Blue Monday and how to get through the January Blues

January can feel like the longest month of the year. After the festive highs and the dark days of winter, many people experience low mood, fatigue, and a sense of monotony-often labeled as “Blue Monday” or the broader January blues. While there’s no single cure, there are practical, evidence-based strategies you can weave into daily life to brighten your winter and boost resilience.
What is Blue Monday?
Blue Monday is a term coined to describe the idea that the third Monday of January is the most depressing day of the year. While the science is more nuanced than a single day, the concept captures a real phenomenon…. post-holiday fatigue, cold and darker days, financial strain, and unmet New Year resolutions can contribute to mood dips and reduced motivation. Some key contributors to the January blues can be reduced daylight and circadian disruption. Weather-related inactivity along with holiday debt and financial stress. Social comparison and expectations.
Here are some of the things that l have done over the many years….and as the years go on for all of us, it does get more difficult, but keeping a positive attitude and an open mind to trying new things. I try to spend time outside during daylight hours, even on cloudy days. If possible, take a short walk at lunch or throughout the day. I also use periotic standing when the weather is very bad outside. As they say motion is lotion and keeping some type of physical movement going is the best practice. This one did not work for me, but may for you…. that is light therapy lamp in the morning if your schedule allows. Use it for 20-30 minutes daily, especially in darker months.
Dr. Carlo Ammendolia who is a regular on Insight’s suggests consistent activity, 20-30 minutes most days can improve mood and energy. He suggests brisk walks, cycling, home workouts, or dance breaks. Even gentle yoga or stretching can help. I do a weekly stretch program with a registered therapist, and it has help get me flexible and mobile most day, but l still have my days. Exercise outdoors, when possible, fresh air plus sunlight can boost well-being. The latest trend that l have tries is tai-chi and l have not gotten enough to honestly say whether it has had any significant effect on me for the positive. I will stick this and let you know if l gain any benefits.
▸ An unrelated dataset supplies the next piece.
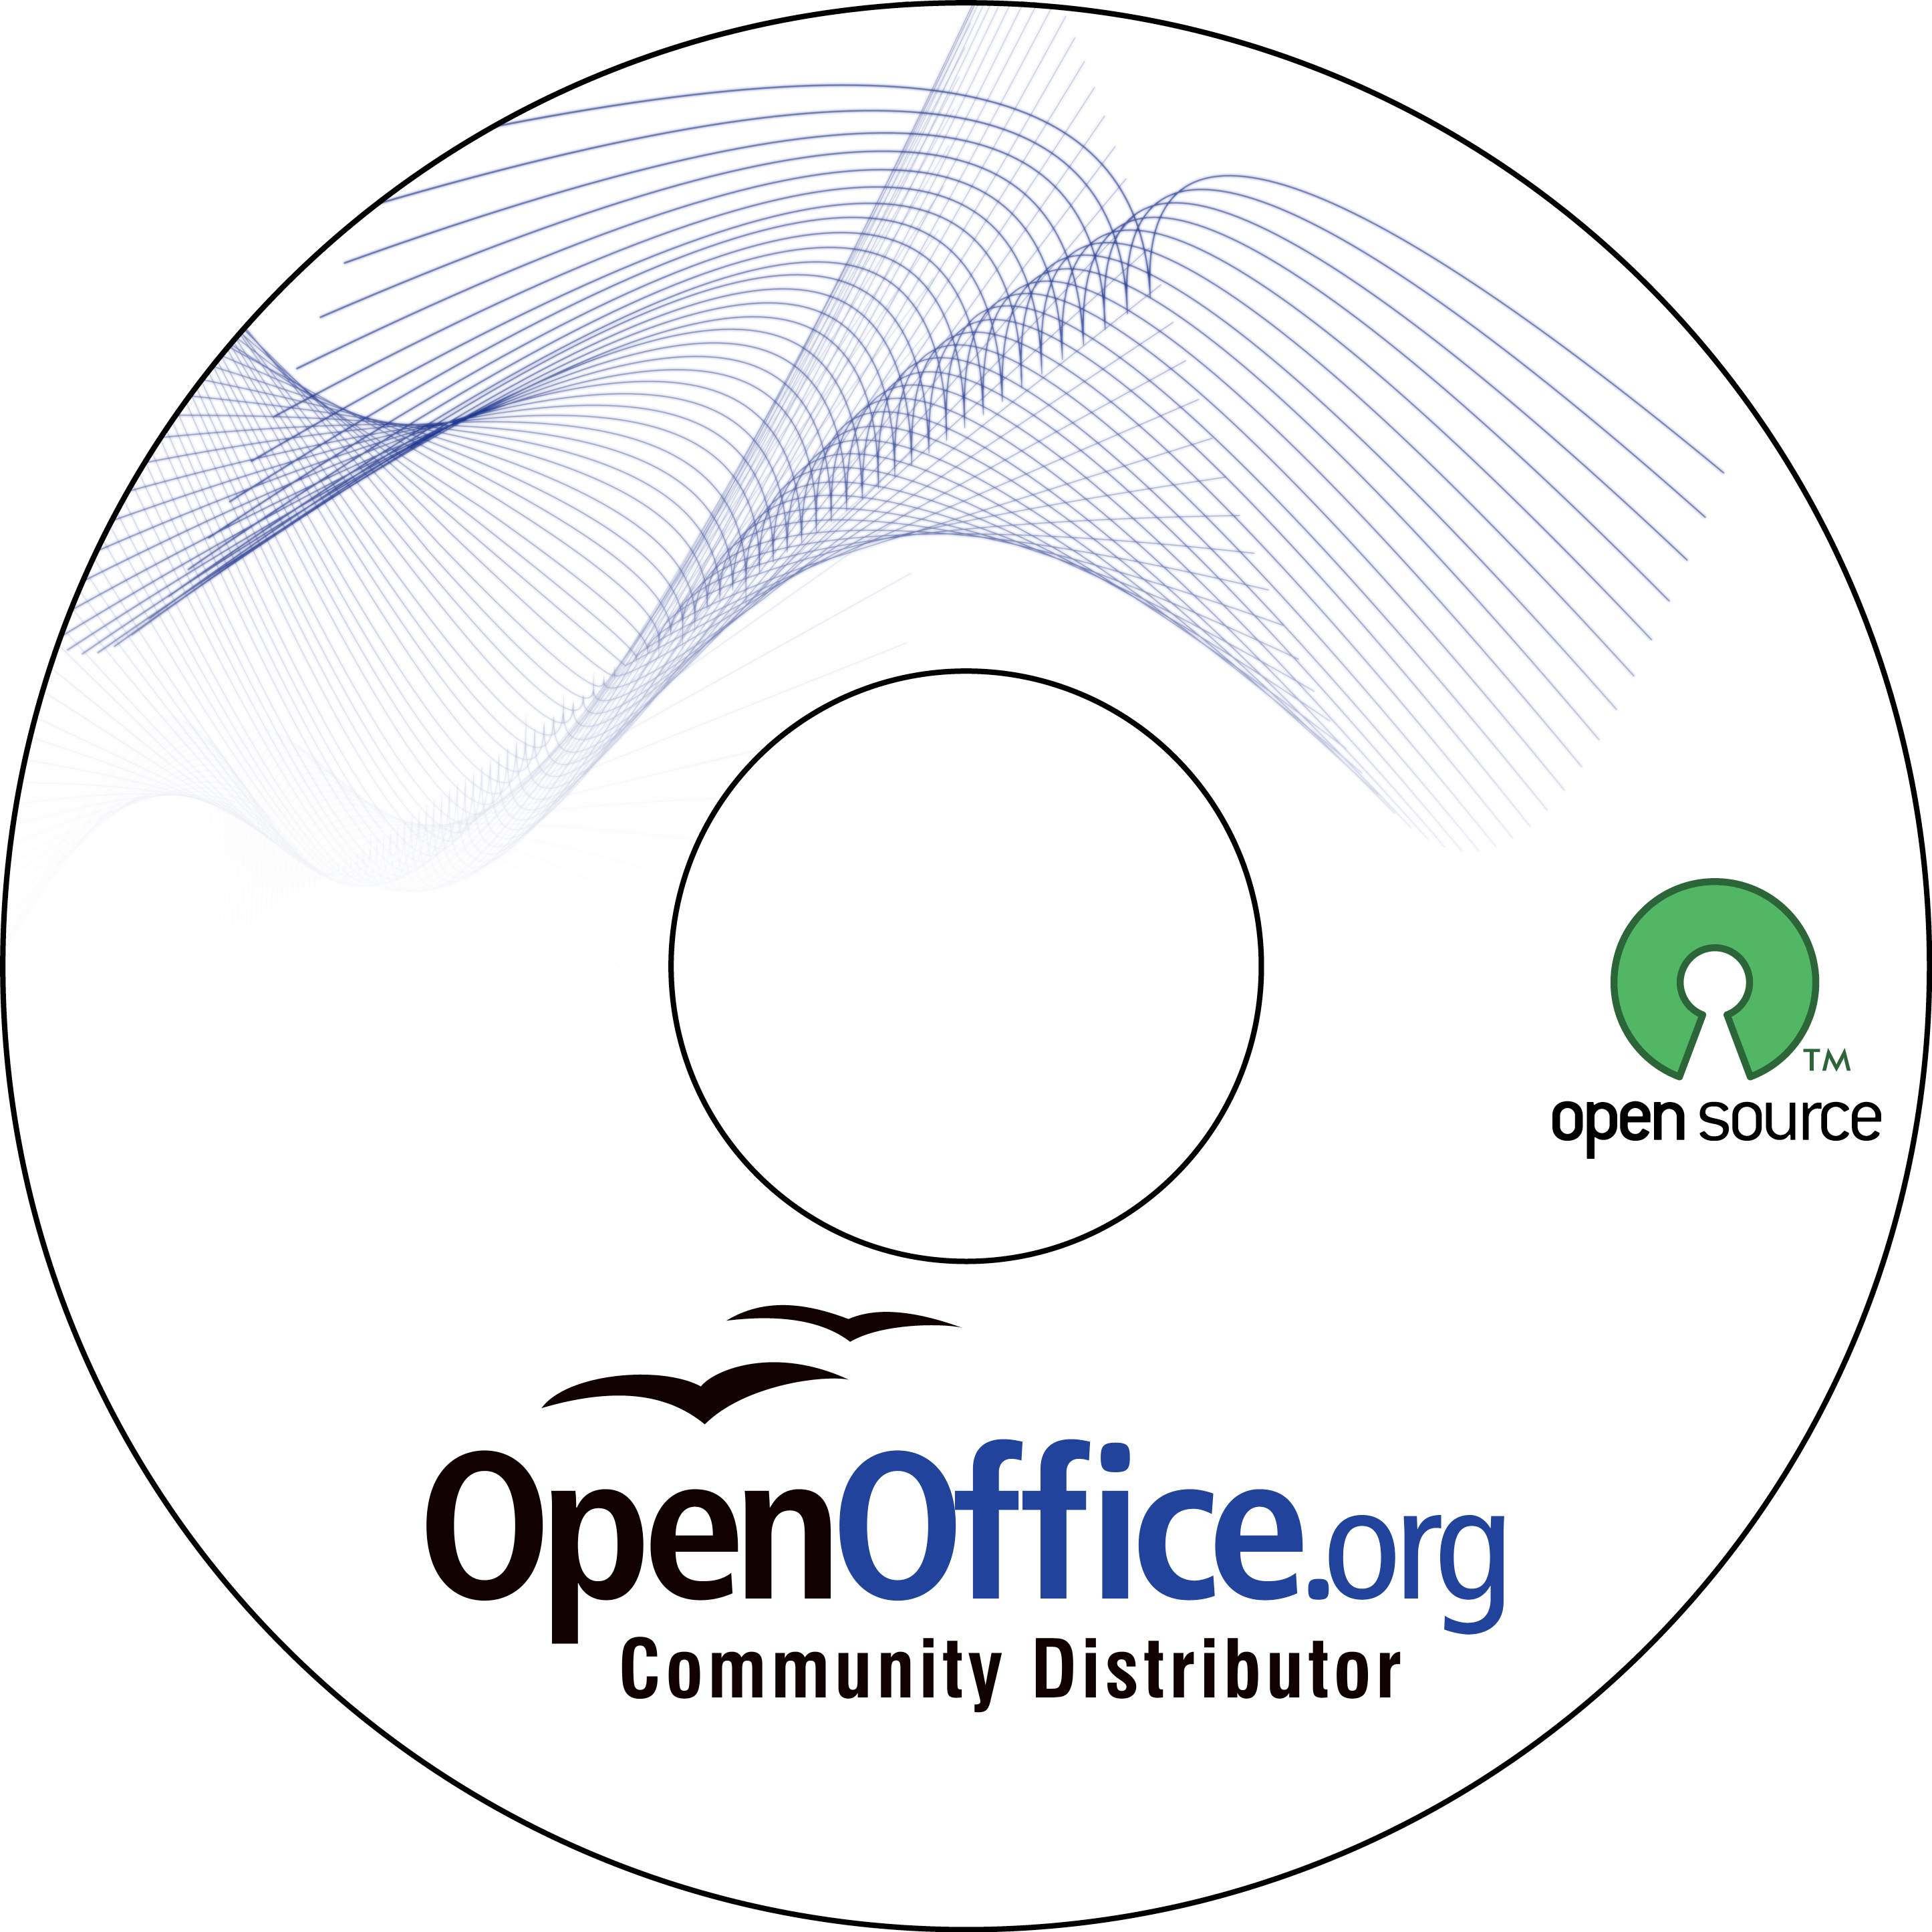 OpenOffice Logo - OpenOffice.org CD Art - previous versions

Dr. A will tell you that nourish your mood with a balanced approach to the winter months. His regime is a balanced program prioritizing complex carbs, lean proteins, and healthy fats to stabilize energy. The only vitamin that he recommends is vitamin D and being aware of your blood levels of which your family doctor can give you. Dr. A does not drink coffee and l asked why and his response was taste and preference and he decided to not drink coffee. And his last bit of recommendation is to try and not eat a heavy meal too close to bedtime.
Trying to connect with friends or folks that can help you either mentally or give you some comfort with a few laughs. However, if you are feeling isolated, connect with friends, family, or communities with shared interests. Helping others can improve mood and sense of purpose. For some reason giving whether time or a helping hand seems to always make me feel better and it activates the part of the brain that gives you a boost of vigor and reality, give it a try.
The biggest part for me is the mental aspect of winter and getting down regardless of what people try to tell you…. sometimes l get into that funk and myself at times do not know what to do and then my mind starts to wonder. The one and only thing lately that has continued to work is breathing and drinking water. Short daily mindfulness or breathing exercises can reduce stress. Here is my breathing tip when you get into that funk…. breath in for 4 second, hold for 7 seconds and exhale for 8 seconds and repeat 3 to 5 times.
Challenge negative thoughts with balanced evidence and reframe to more adaptive outlooks. Try to identify triggers and create a plan to minimize their impact. If you get stuck, breath and get up and move, and if you can’t move just stand at 10-to-5-minute intervals. Mindfulness is a big park of keeping your mind in a positive mode and mood. Try not to be around negative people, especially during the winter months. Try to limit scrolling in tik toc and Instagram as it only put you in a spiral and your mind will wonder and those though will stay with you all night long and will disrupt your sleeping habits. Persistent low mood and if blues persist for weeks, worsen, or disrupt daily functioning, consider talking to a healthcare professional.
The January blues are common, but they don’t have to define your winter. By prioritizing light, movement, nutrition, social connection, small achievable goals, and mental health tools, you can build buffer against low mood and create a winter that feels more manageable and even enjoyable.
Be grateful and make the best out of 2026!